L. 441-2-3 et L. 441-2-3-1 ".

3. Lorsqu'une personne a été reconnue comme prioritaire et comme devant être logée ou relogée d'urgence par une commission de médiation, en application des dispositions de l'article L. 441-2-3 du code de la construction et de l'habitation, la carence fautive de l'Etat à exécuter ces décisions dans le délai imparti engage sa responsabilité à l'égard du seul demandeur, au titre des troubles dans les conditions d'existence résultant du maintien de la situation qui a motivé la décision de la commission, que l'intéressé ait ou non fait usage du recours en injonction contre l'Etat prévu par l'article L. 441-2-3-1 du code de la construction et de l'habitation. Ces troubles doivent être appréciés en fonction des conditions de logement qui ont perduré du fait de la carence de l'Etat, de la durée de cette carence et du nombre de personnes composant le foyer du demandeur pendant la période de responsabilité de l'Etat, qui court à l'expiration du délai de six mois à compter de la décision de la commission de médiation que l'article R. 441-16-1 du code de la construction et de l'habitation impartit au préfet pour provoquer une offre de logement. Dans le cas où le demandeur a été reconnu prioritaire au seul motif que sa demande de logement social n'avait pas reçu de réponse dans le délai réglementaire, son maintien dans le logement où il réside ne peut être regardé comme entraînant des troubles dans ses conditions d'existence lui ouvrant droit à réparation que si ce logement est inadapté au regard notamment de ses capacités financières et de ses besoins.

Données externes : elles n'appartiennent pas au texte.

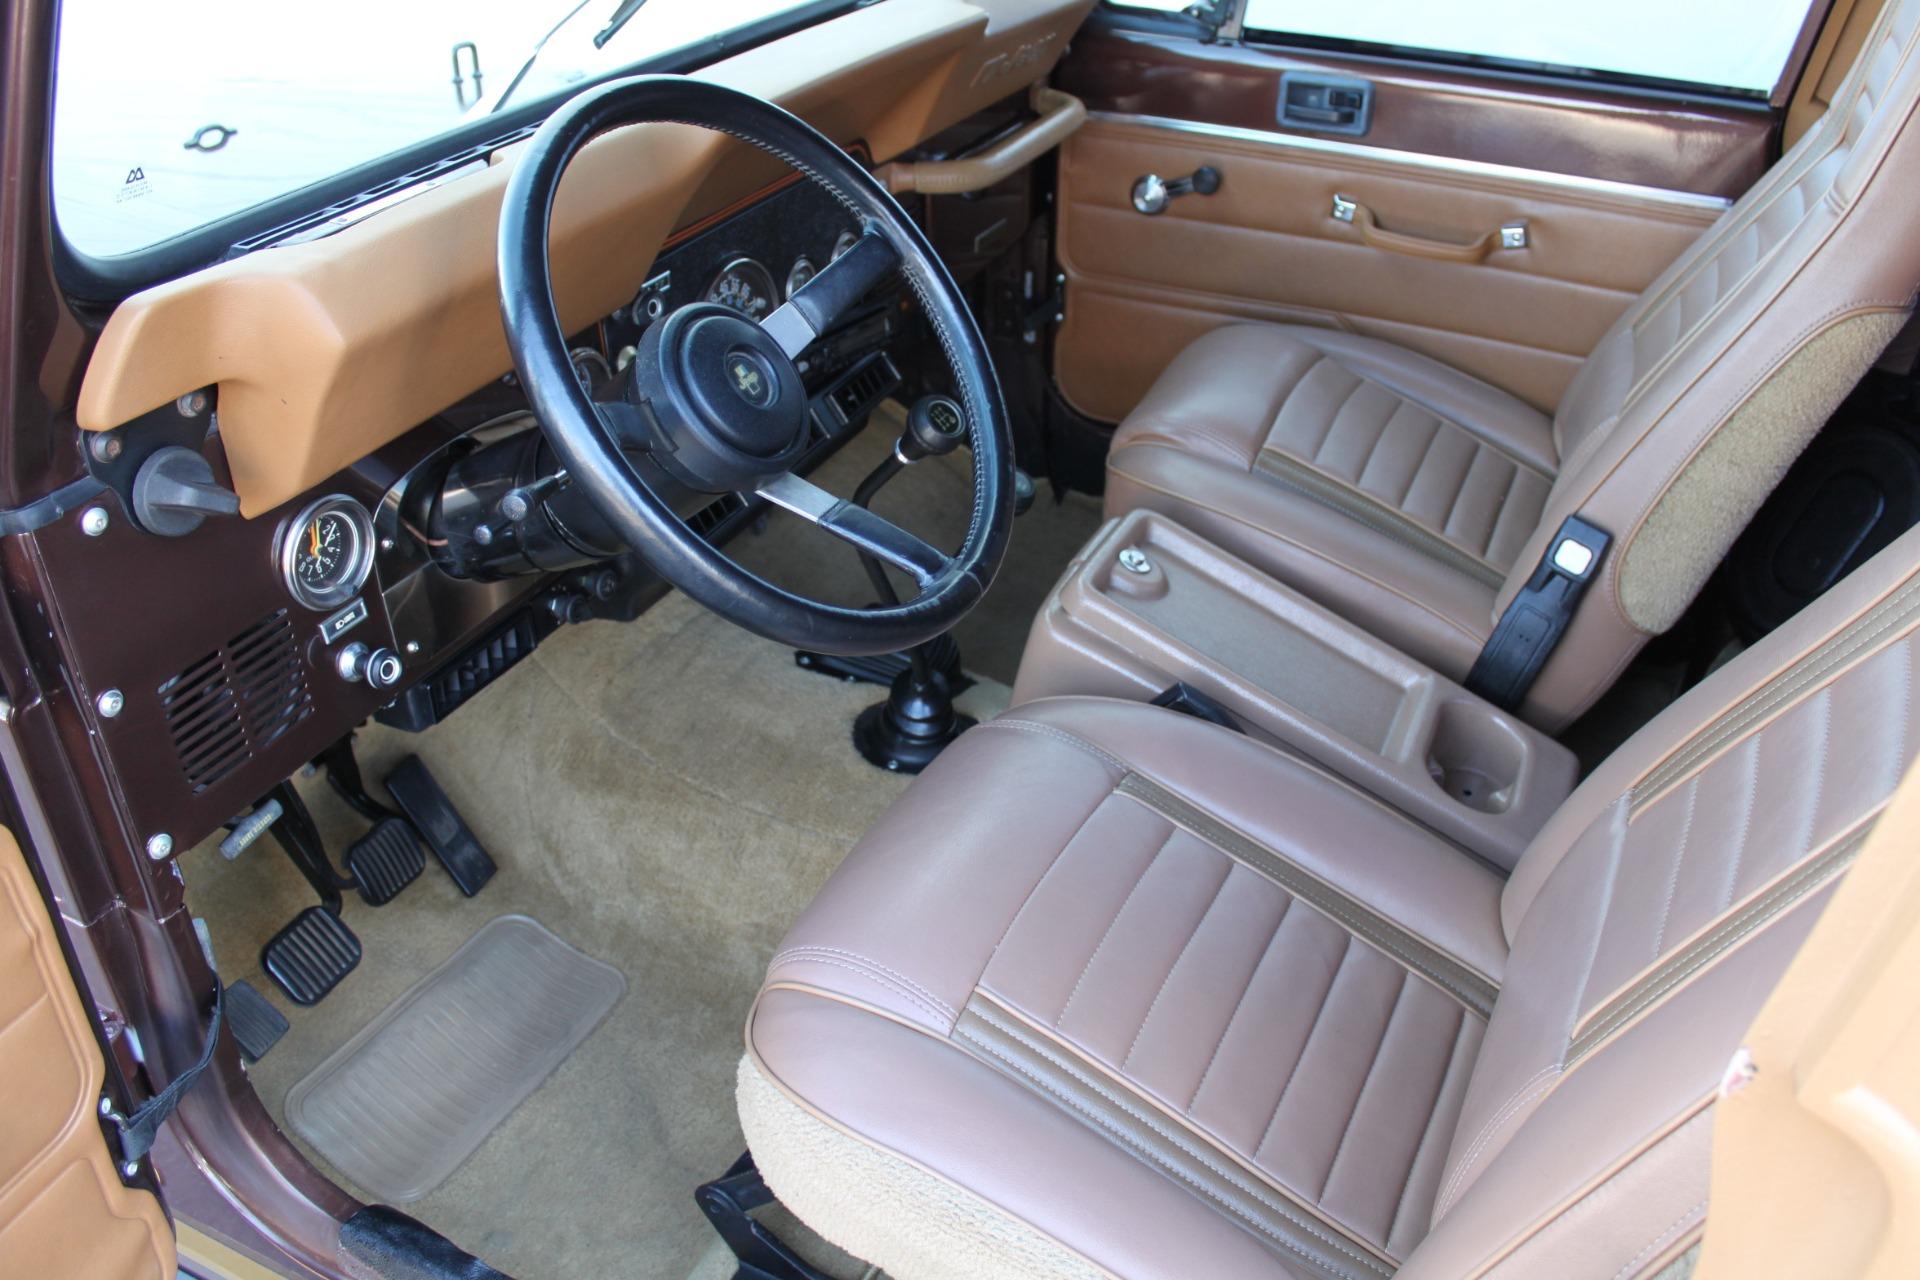 Used-1985-Jeep-CJ-7-Laredo-4WD-vintage

4. La commission de médiation de la Seine-Saint-Denis a reconnu, le 2 septembre 2020, le caractère urgent et prioritaire de la demande de logement de Mme A au motif qu'elle n'avait pas reçu de proposition de logement dans le délai fixé en application des dispositions de l'article L. 441-1-4 du code de la construction et de l'habitation. Si la requérante soutient que l'absence de relogement la contraint de vivre avec ses deux enfants, nés respectivement en 2016 et 2018, dans un logement indécent, elle n'apporte aucun élément à l'appui de ses allégations. Il ne résulte pas davantage de l'instruction que le logement qu'elle occupe depuis le 20 septembre 2020, comprenant notamment deux pièces, serait inadapté à la composition du foyer, la commission de médiation n'ayant pas non plus retenu, s'agissant de son ancien logement, l'existence d'une situation de sur-occupation. La requérante ne soutient pas enfin que ce logement serait autrement inadapté, en particulier au regard de ses capacités financières. Dans ces conditions, et comme il a été dit au point précédent, le seul maintien de Mme A dans son logement ne peut être regardé comme entraînant des troubles dans ses conditions d'existence susceptible de lui ouvrir droit à réparation.

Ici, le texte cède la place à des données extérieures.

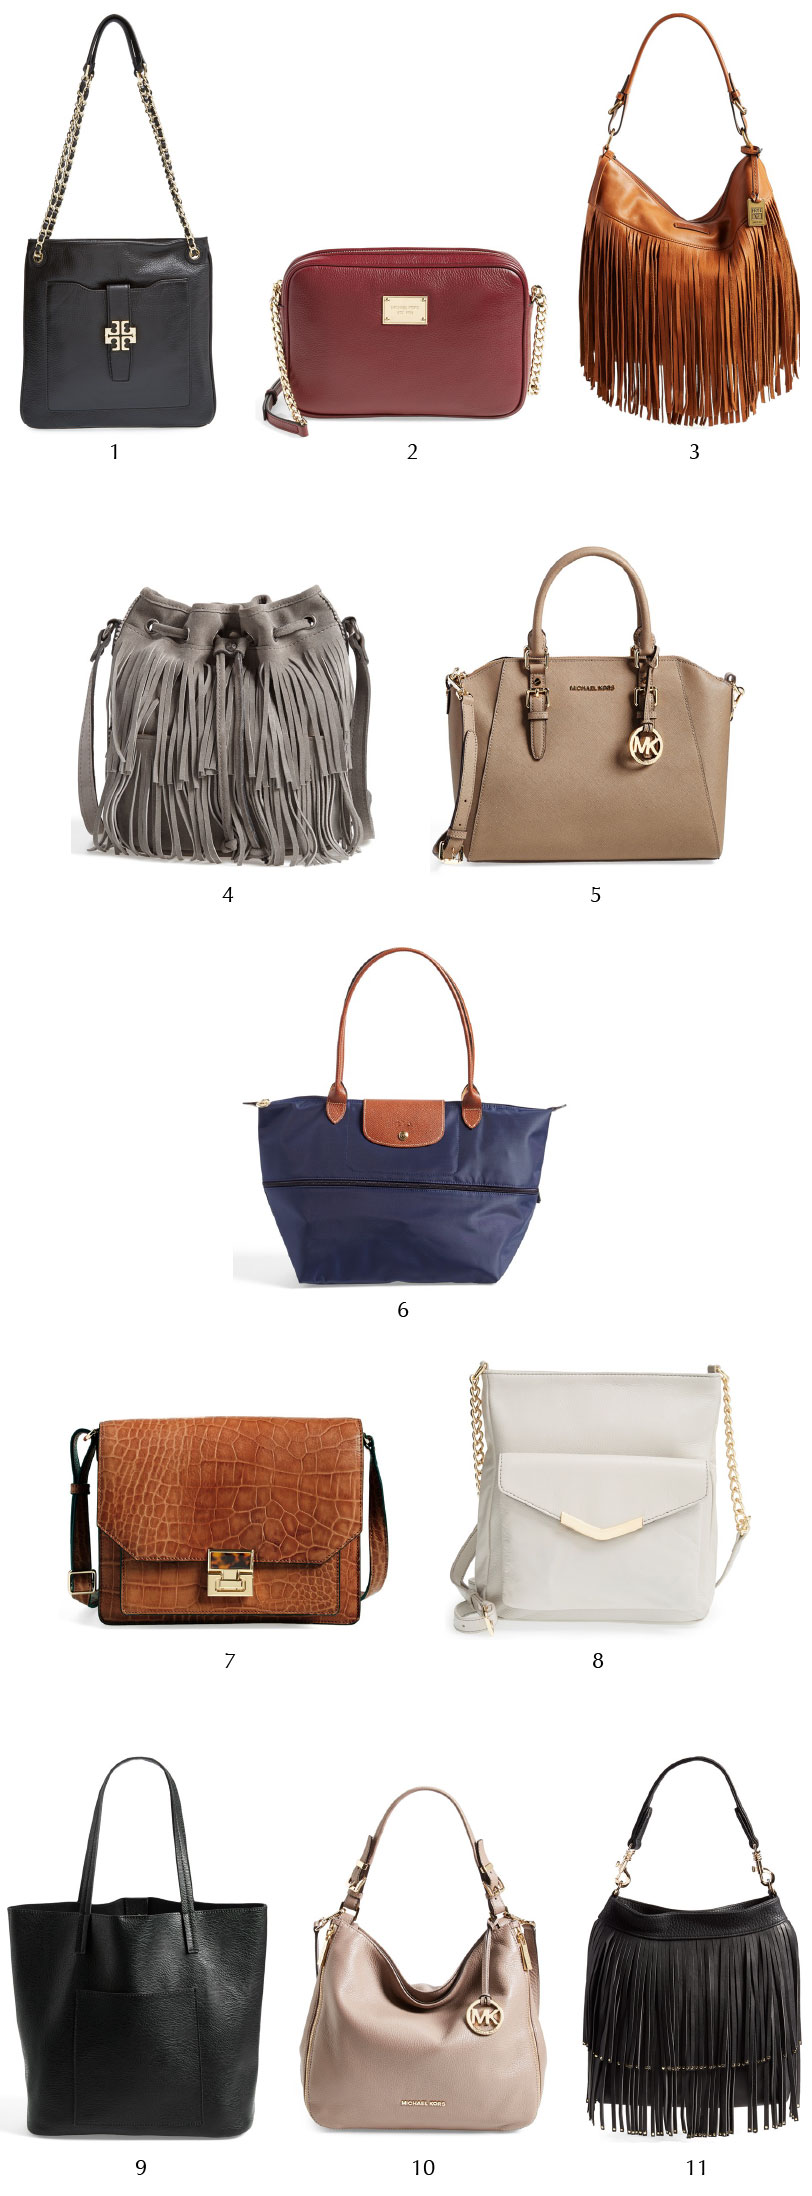 2015-nordstrom, Nordstrom, anniversary-sale, nordstrom-anniversary-sale, fashion-blogger

5. Il résulte de ce qui précède que les conclusions indemnitaires de Mme A doivent être rejetées, de même, par voie de conséquence, que ses conclusions présentées sur le fondement de l'article L. 761-1 du code de justice administrative.

6. En application de l'article L. 11 du code de justice administrative, les jugements sont exécutoires. Par suite, les conclusions de Mme A tendant à ce que le tribunal ordonne l'exécution provisoire du présent jugement sans objet et ne peuvent qu'être rejetées.

D E C I D E :

Article 1er : La requête de Mme A est rejetée.

Article 2 : Le présent jugement sera notifié à Mme C A, à Me Schaeffer et au ministre de la transition écologique et de la cohésion des territoires.

Copie en sera adressée au préfet de la Seine-Saint-Denis.

Rendu public par mise à disposition au greffe le 11 septembre 2024.

Le magistrat désigné,

S. BLa greffière,

S. Jarrin

La République mande et ordonne au ministre de la transition écologique et de la cohésion des territoires en ce qui le concerne, ou à tous commissaires de justice à ce requis en ce qui concerne les voies de droit commun contre les parties privées, de pourvoir à l'exécution de la présente décision.